September 11, 2025

Voice Enhancements & Minimax Improvements

Minimax Voice Language Support: Enhance multilingual conversations with MinimaxVoice.languageBoost. Support for 40+ languages including:
- Chinese and Chinese,Yue for Mandarin and Cantonese
- English, Spanish, French, German, Japanese, Korean
- Regional variants and specialized languages like Arabic, Hindi, Thai
- auto mode for automatic language detection
Text Normalization: Improve number reading and formatting with MinimaxVoice.textNormalizationEnabled.

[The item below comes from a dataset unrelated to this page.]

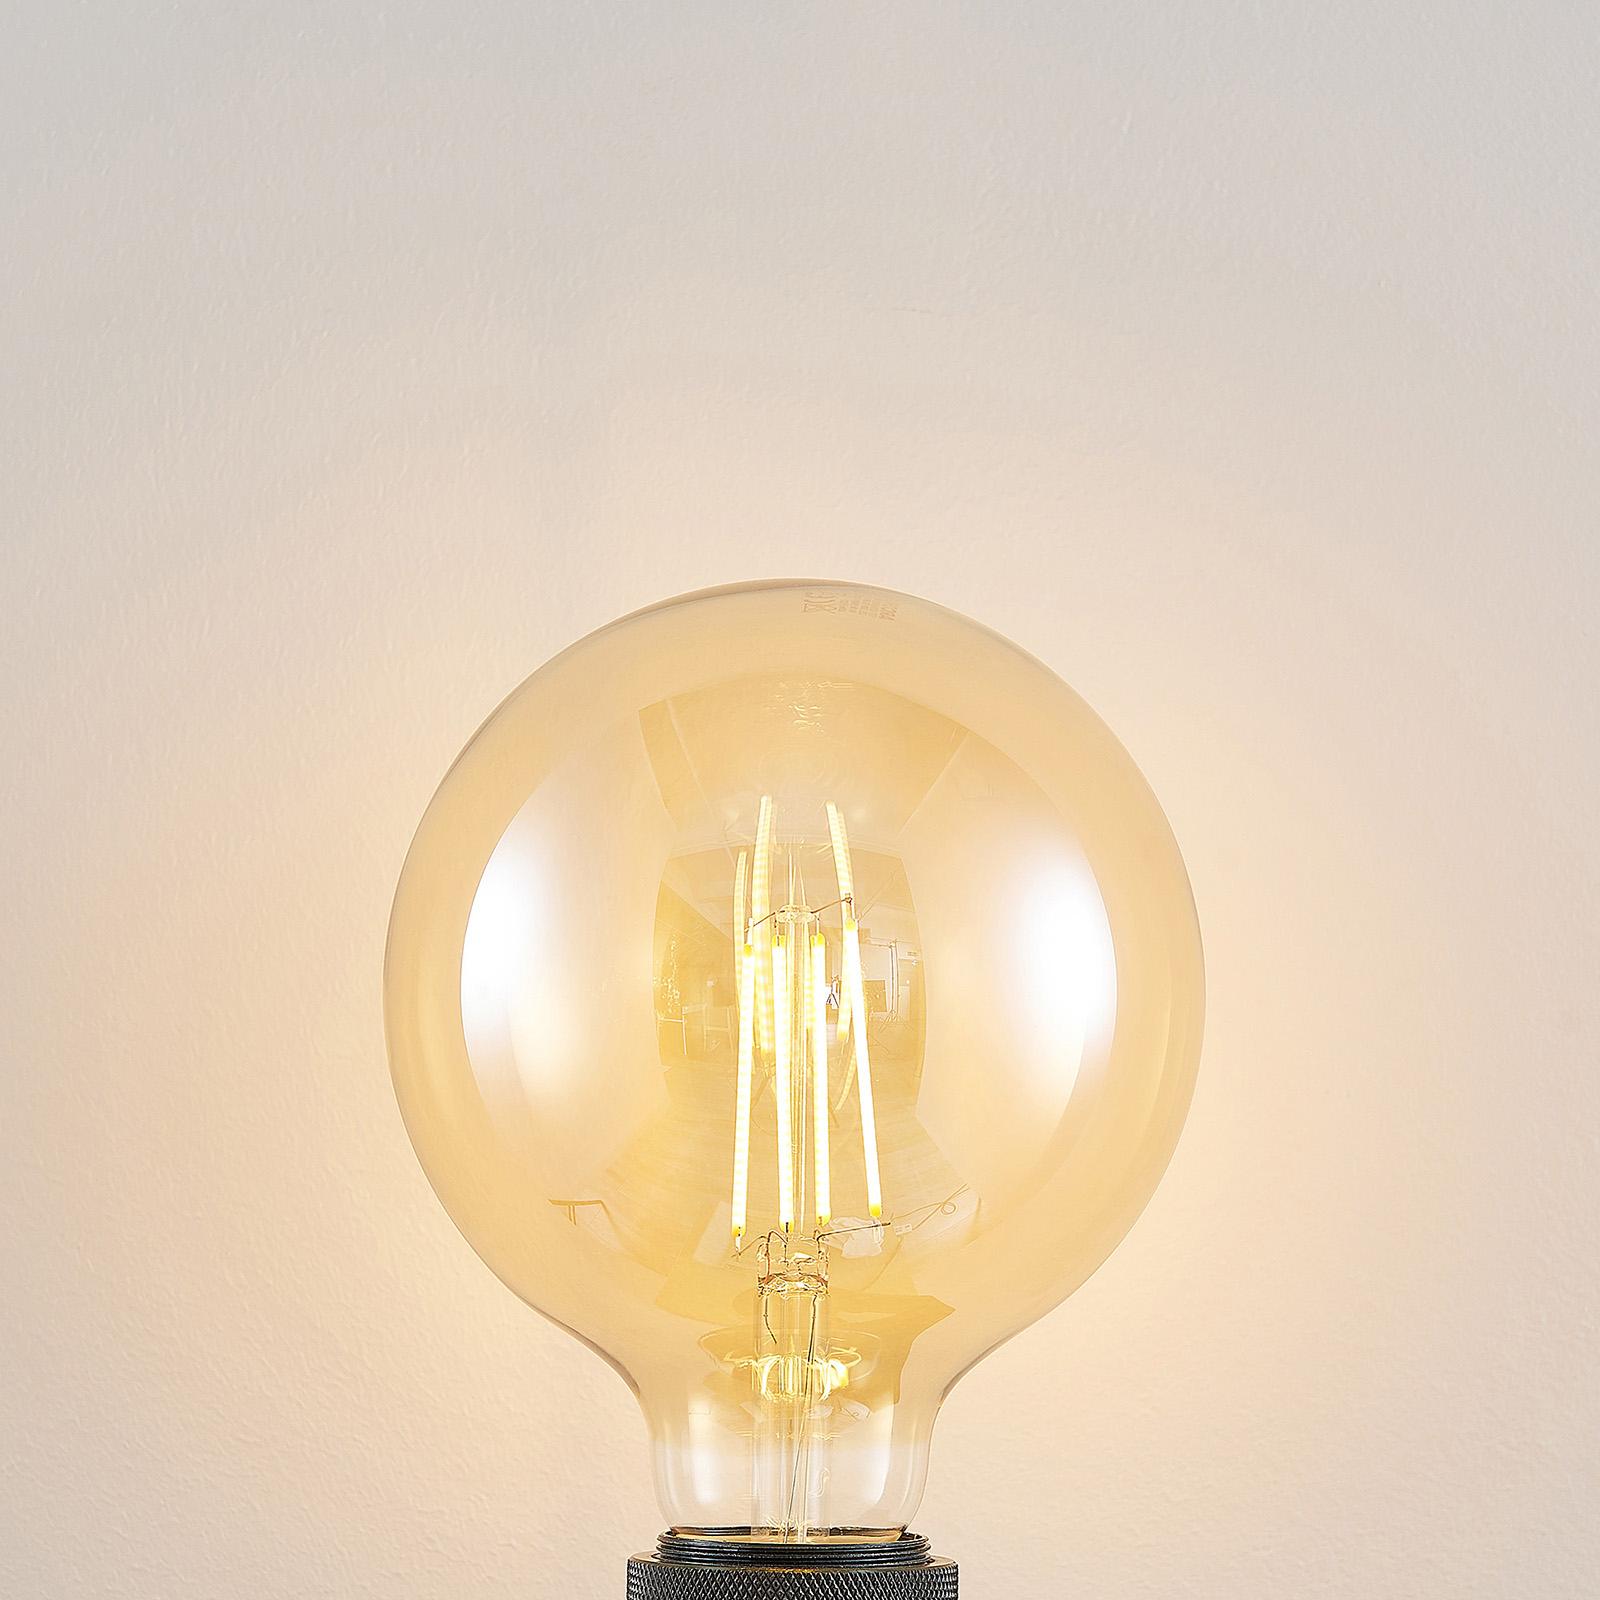 E27 LED-pære G125 6,5 W 2.500K ravgul 3-trinsdæmp.

When enabled, spoken numbers, dates, and formatted text are properly pronounced for natural-sounding conversations.
Enhanced Voice Caching: Voice responses are now cached by default with MinimaxVoice.cachingEnabled set to true, reducing latency for repeated phrases and improving overall conversation performance.
Fallback Voice Configuration: Ensure conversation continuity with FallbackMinimaxVoice featuring the same language boost and text normalization capabilities as the primary voice configuration.
Speaker Labeling: Track multiple speakers in conversations with BotMessage.speakerLabel, providing stable speaker identification (e.g., “Speaker 1”) for better conversation analysis and diarization.
Voice Region Support: Choose optimal performance regions with Minimax’s worldwide (default) or china regional settings for better latency and compliance with local regulations.

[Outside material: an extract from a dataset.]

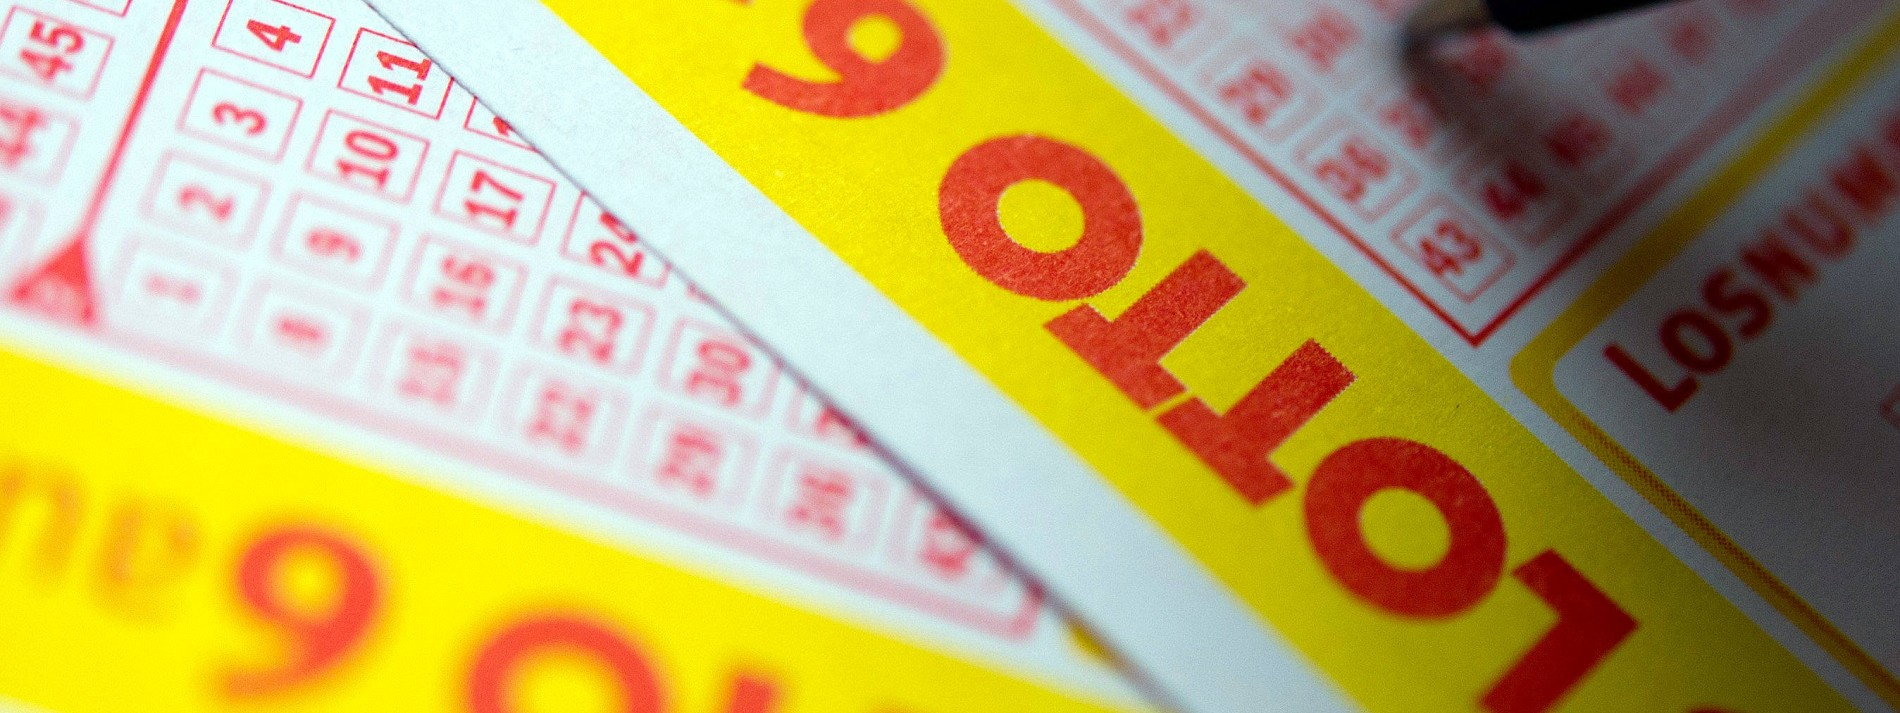 Sechsstelliger Lottogewinn wartet noch immer auf Besitzer

Language boost settings help the text-to-speech model better understand context and pronunciation for specific languages, resulting in more natural and accurate voice synthesis.

Voice Quality Features

Multilingual Support

Support for 40+ languages with automatic detection and language-specific optimizations for natural pronunciation.

Smart Text Processing

Intelligent normalization of numbers, dates, and formatted text for natural-sounding speech synthesis.

Performance Optimization

Voice caching reduces latency for common phrases, while regional settings optimize for local performance.

Conversation Tracking

Speaker labeling and diarization support for multi-participant conversation analysis and management.